Nanocrystalline ZnO quantum dots (QD) with a diameter of 10 nm was synthesized and tested toward eight different toxic industrial chemicals (i.e., nitrogen dioxide (NO₂), hydrogen sulfide (H₂S), ammonia (NH₃), carbon monoxide (CO), methane (CH₄), ethanol (C₂H₅OH), acetone (CH₃)₂CO, and toluene (C₆H₅CH₃)) with a broad concentration range at five different operating temperatures. Systemic studies allow to determine the kinetics of gas sensing as well as the competing reactions of analytes with sensing material and adsorbed oxygen. ZnO QD showed an excellent sensing performance toward NO₂ and H₂S in comparison to other target analytes. The selectivity can be further improved by controlling the operating temperature (i.e., higher selectivity toward NO₂ and H₂S were achieved at 300 °C and 450 °C, respectively). Moreover, the optimal temperature was found to be analyte dependent.

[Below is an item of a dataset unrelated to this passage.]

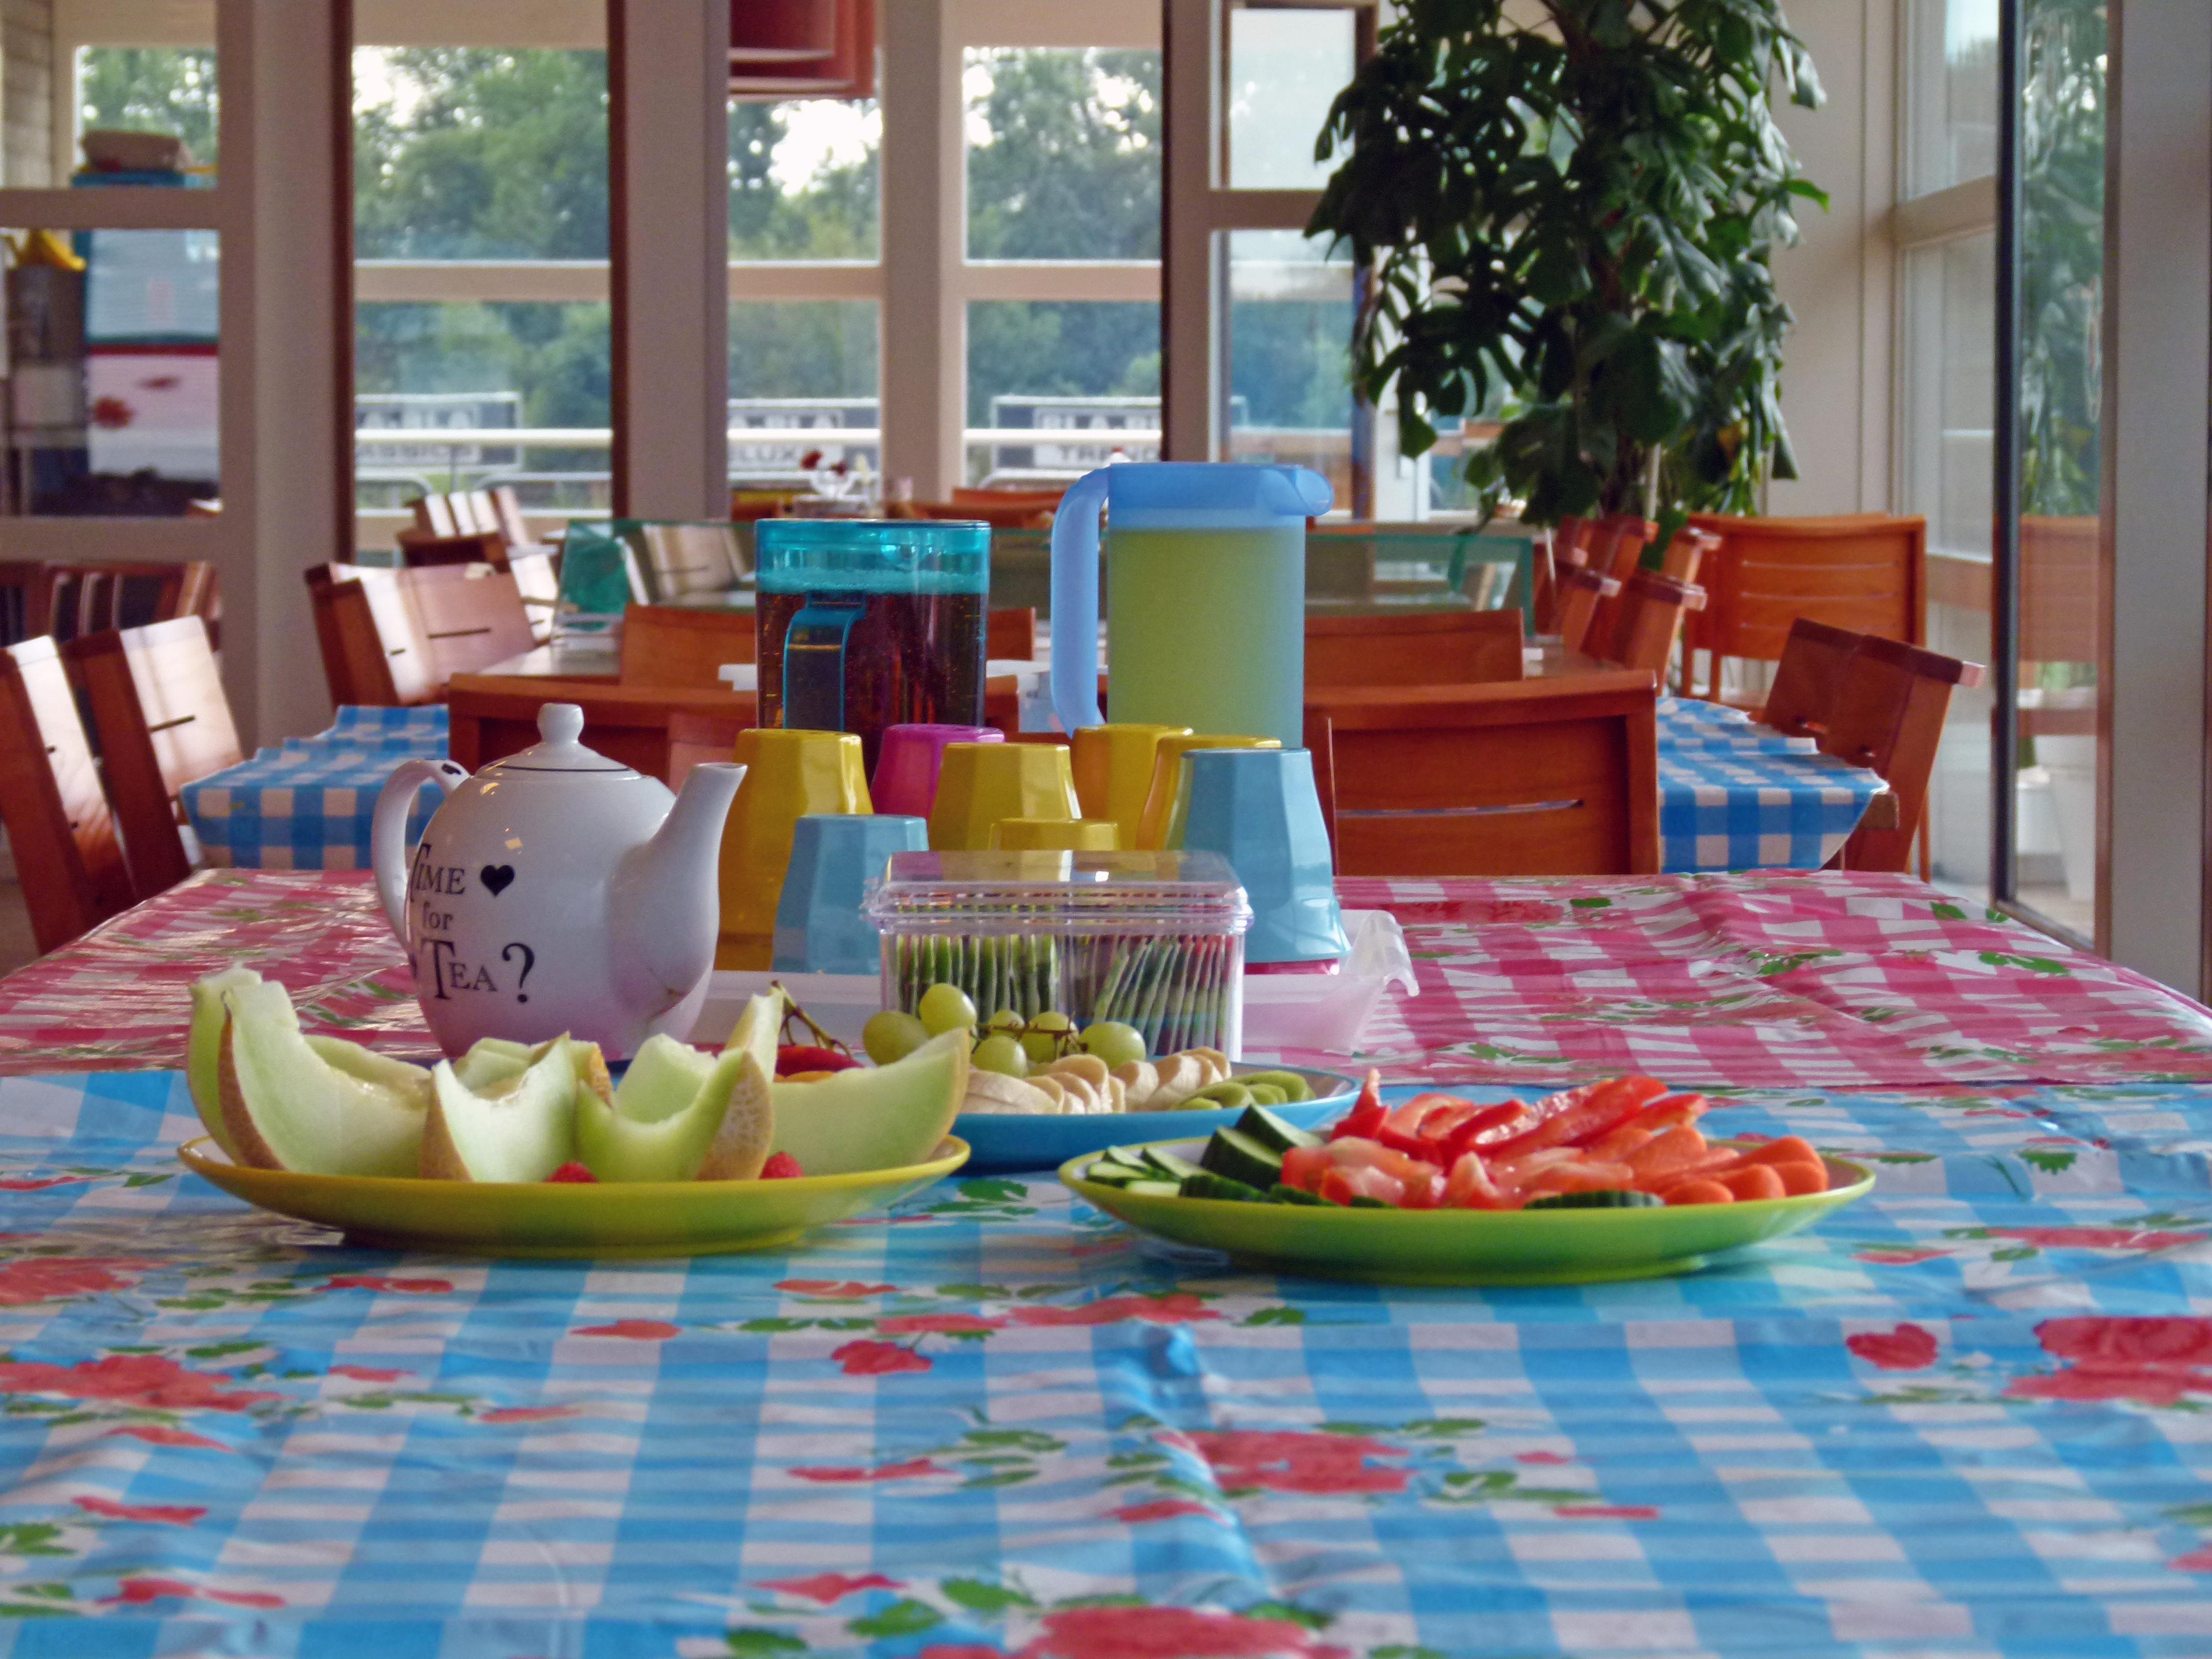 Zelfgemaakte Appelmoes Nederlandse Keuken : Inclusief eten, drinken & uitstapjes – Bixo Buitengewoon in BSO

合成了直径为 10 nm 的纳米晶 ZnO 量子点 (QD)，并针对八种不同的有毒工业化学品（即二氧化氮(NO ₂ )、硫化氢 (H ₂ S)、氨 (NH ₃ )、一氧化碳 ( CO)、甲烷(CH ₄ )、乙醇(C ₂ H ₅ OH)、丙酮(CH ₃ ) ₂ CO、甲苯(C ₆ H ₅ CH ₃)) 在五种不同的工作温度下具有广泛的浓度范围。系统研究可以确定气体传感的动力学以及分析物与传感材料和吸附氧的竞争反应。与其他目标分析物相比， ZnO QD 对 NO ₂和 H ₂ S表现出出色的传感性能。通过控制操作温度可以进一步提高选择性（即分别在 300 °C 和 450 °C 时实现对 NO ₂和 H _{2 S 的更高选择性）。}此外，发现最佳温度取决于分析物。